Combined Torsional-Lateral Vibration


In turbomachinery consisting of several machine casings or those using nonmetallic flexible couplings (with low torsional stiffness), torsional natural frequencies can be lower than lateral natural frequencies. In such cases, these torsional natural frequencies are usually within a similar range of operating speeds. In these turbomachinery trains, combined torsional- lateral vibration could result in serious issues and even destruction.

Rotors are the principal source of vibration. Most malfunctions originate from the direct transfer of rotational energy into vibrational energy. Lateral modes and torsional vibration of the rotor are the principal concerns.

In most turbomachines, torsional natural frequencies are higher than lateral mode natural frequencies. Typical forcing functions (except those with gear transmissions and those with variable speed drivers) do not usually excite torsional vibrations. The situation can change, however, if torsional natural frequencies are lower than lateral ones and within the same range of operating speeds.

This can happen in complex turbomachinery with several machine casings or trains using a flexible rubber-element coupling, for example. Shaft asymmetry, radial load and unbalance affecting the position of the bending and the twisting centerlines constitute the coupling factors between torsional and lateral modes.

Analytical asymmetric rotor models which take into consideration lateral and torsional coupling are used to model torsional- lateral coupled vibration. The lateral dynamic formulations include the coupling terms with torsional vibration, which represent the balance of moments for the shaft torsional mode.

These analytical models contain periodically variable coefficients, which could affect torsional stiffness. Such analytical equations produce parametric resonances, which usually occur at rotating speeds coinciding with 1, 1/2, 1/4, 1/6, 1/8, and other fractions of the torsional natural frequency. Since unbalance and radial load forces (interfering with an asymmetric shaft) constitute the actual system forcing functions in torsional-lateral vibration, the highest torsional mode resonances can occur at one and two times the rotor speed.

Torsional-lateral modes exhibit peak responses at lateral and torsional natural frequencies. While lateral mode peaks are not very high (lateral mode damping is relatively high), torsional resonant vibrations can exhibit significant amplitudes (since the effective damping in torsional mode is usually low).

“Failure to recommend routine installation of torsional vibration transducers and sensors is a common mistake.”

Therefore, failure to recommend routine installation of torsional vibration transducers and sensors is a common mistake in turbomachinery. In particular, it is a significant weakness in more complex turbomachinery trains.

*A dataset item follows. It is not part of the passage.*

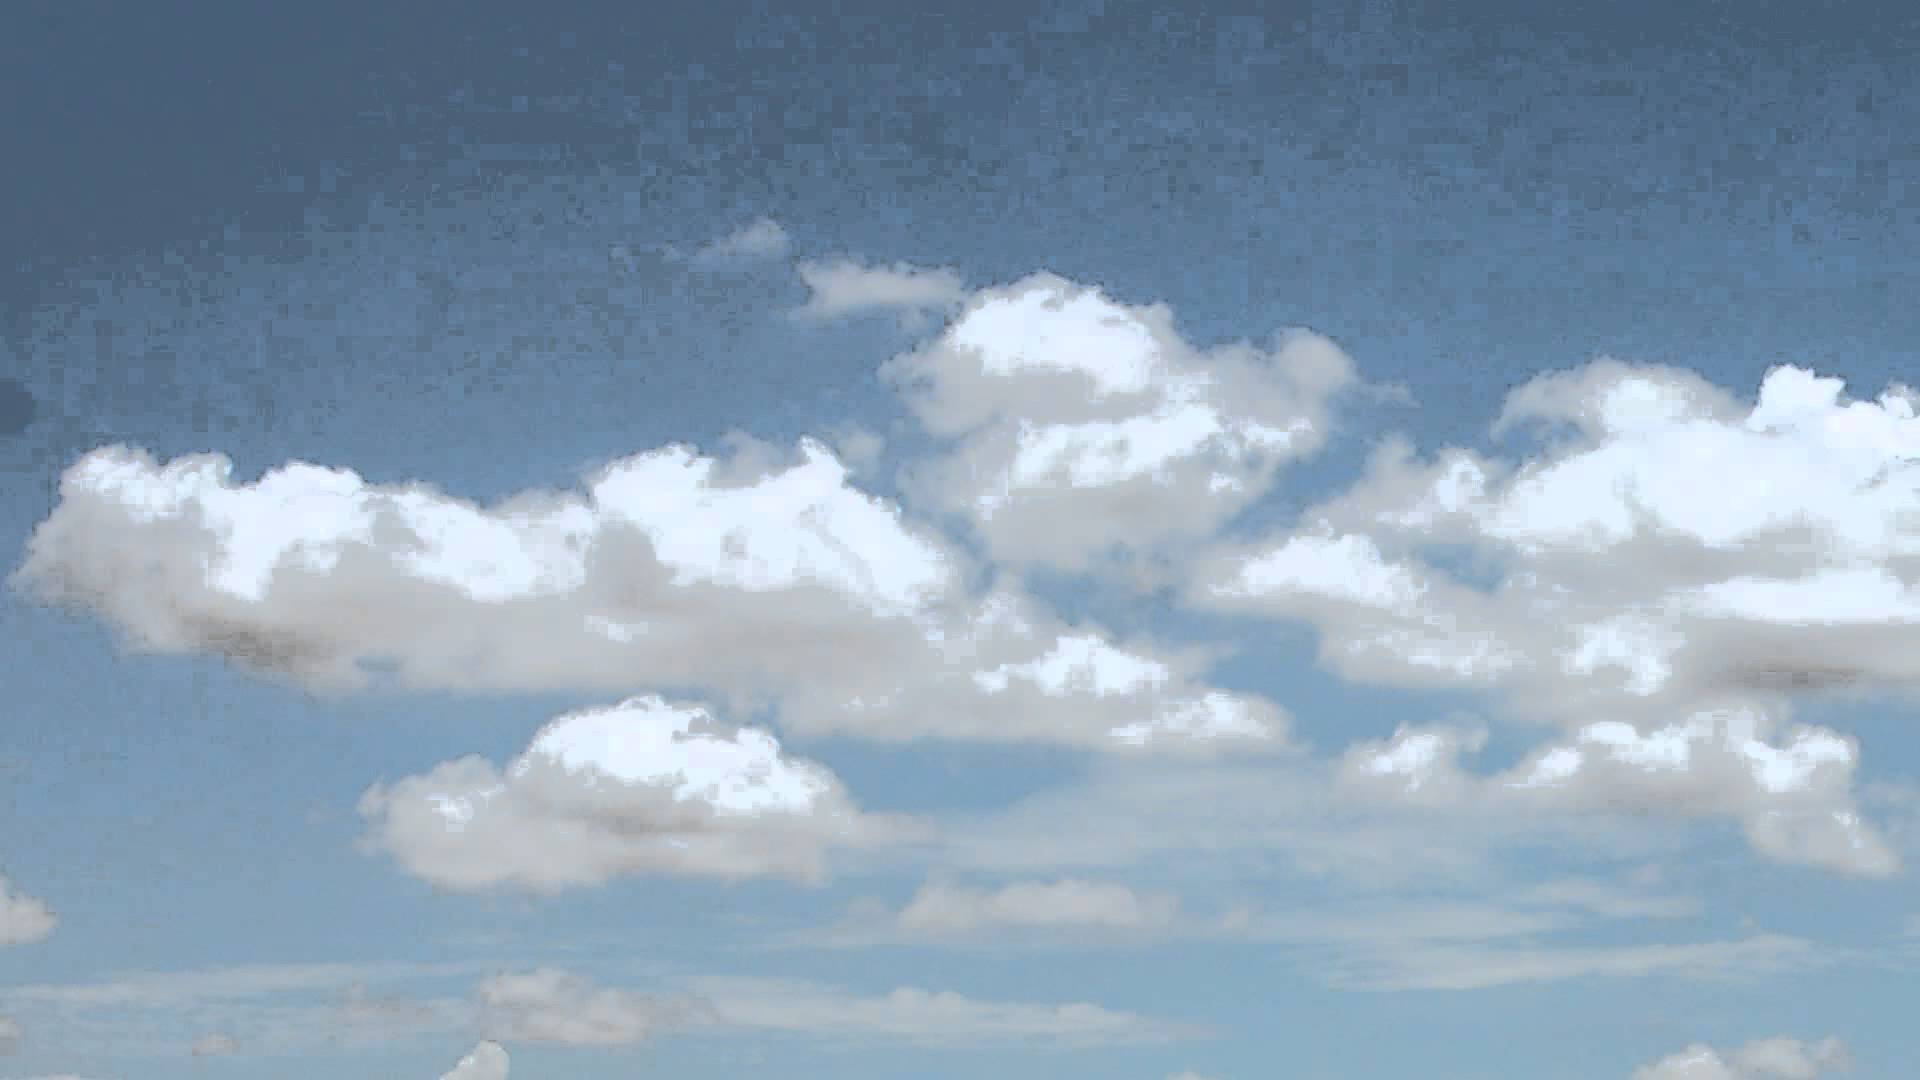 Bầu trời xanh thật sự đẹp khi có những đám mây bay ngang qua. Hãy xem hình nền màn hình xanh này với những hình ảnh động vật nhỏ nhắn bay lượn, sẽ khiến bạn cảm thấy yên bình và thư giãn lúc làm việc.

Poorly damped torsional modes can be excited through a coupling (or a long shaft) with lateral modes contributing considerably to a stress increase which may significantly intensify the level of coupling and shaft cracking.

Torsional vibration changes, in fact, could reveal symptoms of an impending crack at much earlier levels compared with lateral vibrations. In other words, torsional vibration monitoring (and identification of any change in torsional vibration) is recommended for all turbomachinery, but especially machines with relatively low torsional natural frequencies.

An important sensor in condition monitoring is the phase angle reference sensor (the key phasor which is used to monitor rotating speed and the phase of rotor responses). The key phasor sensor ties rotor vibration data to its rotational motion. The information provided is valuable for condition monitoring and in diagnosing various machine malfunctions.

In one of its simplest forms, for example, this instrument could be a proximity sensor observing equally spaced, tooth-like markers on the rotor (typically 36 or 72 markers). An additional subtraction of signals from two such sensors mounted at different axial locations provides some estimates on torsional vibrations.

In order to eliminate the effect of lateral vibrations on torsional responses, one more sensor is mounted at 180-degree position at each location. Data from the two sensors can then be combined for torsional vibration measurement.